Australian, born 1982

No More Time

2026

powder-coated brass

Courtesy of the artist

A neckpiece about grief, loss, memory and commemoration. I collected the remnant flowers and leaves left over from my grandmother’s coffin spray and remade the segments of baby blue gum in brass, holding that final act of love and care still. Its rigid form referencing metal wreaths found on graves, the piece itself a kind of final farewell …
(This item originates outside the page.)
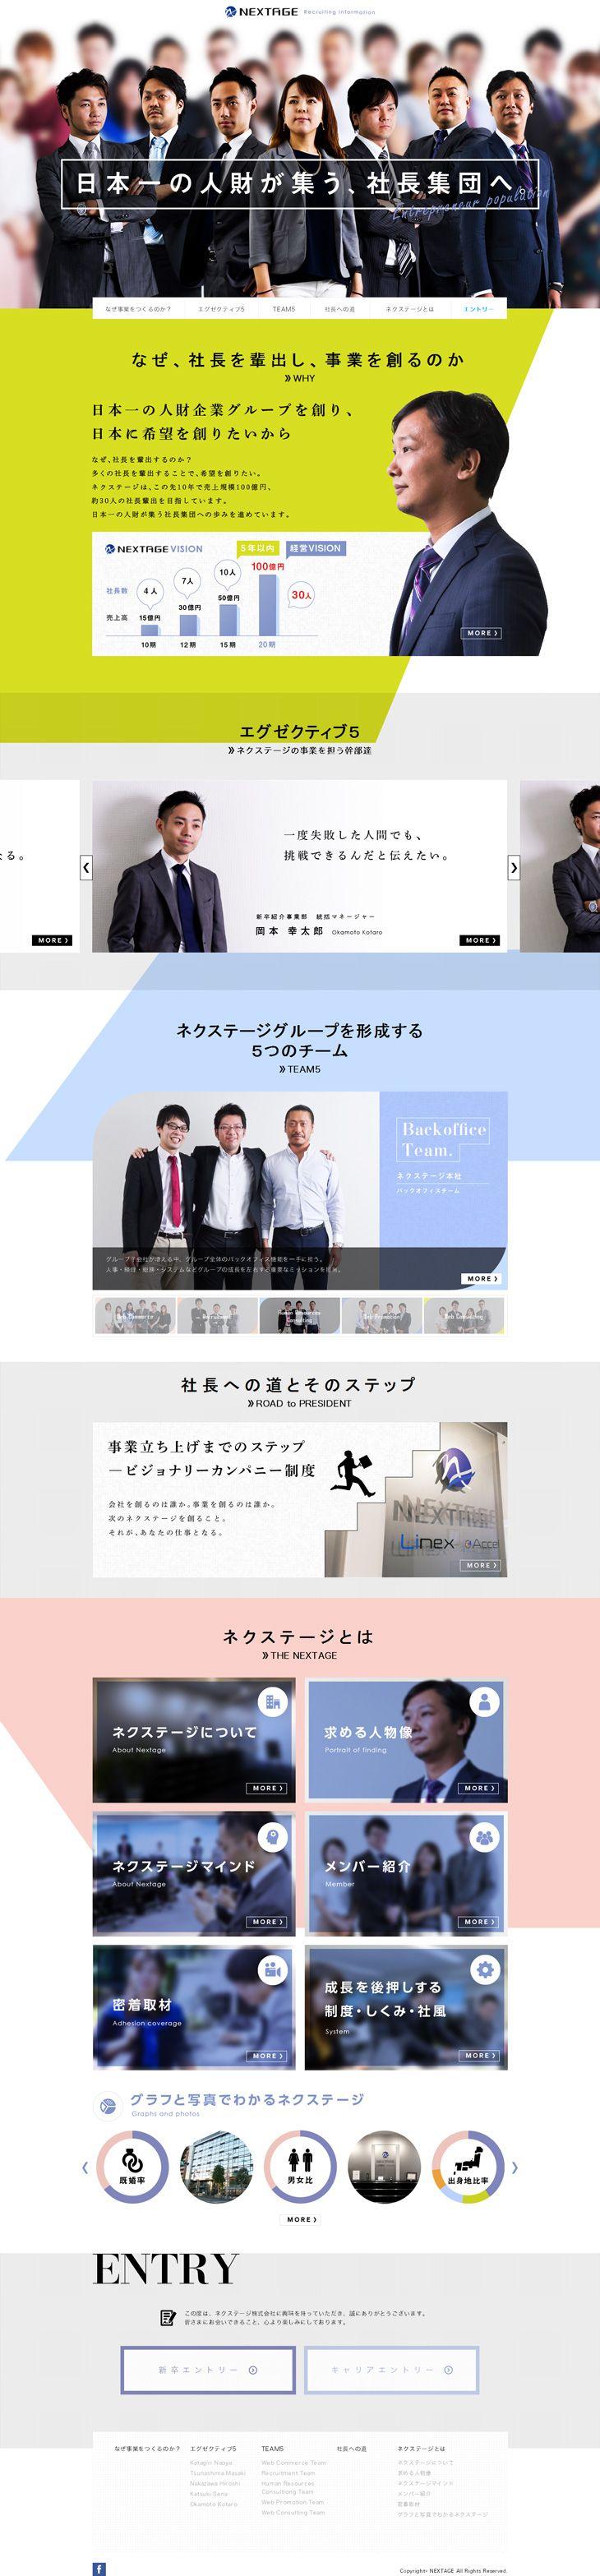 NEXTAGE リクルートサイト【求人関連関連】のLPデザイン。WEBデザイナーさん必見!ランディングページのデザイン参考に(シンプル系)

What began with Collecting Time culminates in No More Time – the two groups together form a cycle, a plant lifecycle, growth and decay a metaphor for our own lifecycle.

– Jess Dare

ROOM 5

SICK COUNTRY

For more than 65,000 years, First Nations peoples have tended Country, using fire as a tool of management and care. Low-temperature burns, timed to the seasons and moisture levels, cleared undergrowth without destroying ecosystems. Eucalypts are among the most flammable trees on earth. While many species have evolved to withstand fire and some require burning to propagate, others are fire sensitive and fail to regenerate. Maintaining a delicate balance was, and remains, essential.

Yet, throughout Australia, deforestation continues for agricultural, industrial and urban development. Dense regrowth and massive fuel loads feed bushfires of increasing intensity and frequency, while water extraction and worsening droughts and floods push eucalypt ecosystems toward collapse. Many species grow naturally only in finite regions, and one quarter of all gum tree species are threatened with extinction.

The works of art in this room speak to this crisis. Some allude to its causes, while others capture the aftermath of disaster: fire-scarred forests and drowned trees, giants felled by forces beyond their endurance. Beyond the physical, some works convey a deeper unease, picturing the landscape as a place of psychological tension – hostile, unfamiliar, and the body within it exposed and vulnerable.

 

Jill Orr (artist)

Australian, born 1952, lived in the Netherlands 1980–86

Elizabeth Campbell (photographer)

Australian, born 1959

Hanging over root

Stretched in between

Inner tree

Crucifix

from the series Bleeding trees

1979, printed 2012

chromogenic photographs

Courtesy of the artist

In Jill Orr’s 1979 series Bleeding trees the artist’s body becomes a conduit for the viewer’s emotional response. Strung up as if crucified, stretched across branches, or disappearing within them, her body turns our empathy towards the trees. A pioneering work of environmental art in Australia, the series is also an early example of postmodernist performance art, with Orr making a social commentary using her own body as the primary medium. For Orr, the initial live action and the final image are equally important parts of the work, creating ‘openings’ through which an audience or viewer can connect to a landscape in crisis.

Russell Drysdale

English/Australian, 1912–1981

Walls of China

1945

oil on hardboard

Art Gallery of New South Wales

Purchased 1945

In 1944, a series of dry seasons culminated in a historic drought in western New South Wales. Russell Drysdale and reporter Keith Newman were commissioned to document its effects. In Drysdale’s images scorched animal bones merge with scarred tree trunks, landscapes crumble, and red dust abrades everything.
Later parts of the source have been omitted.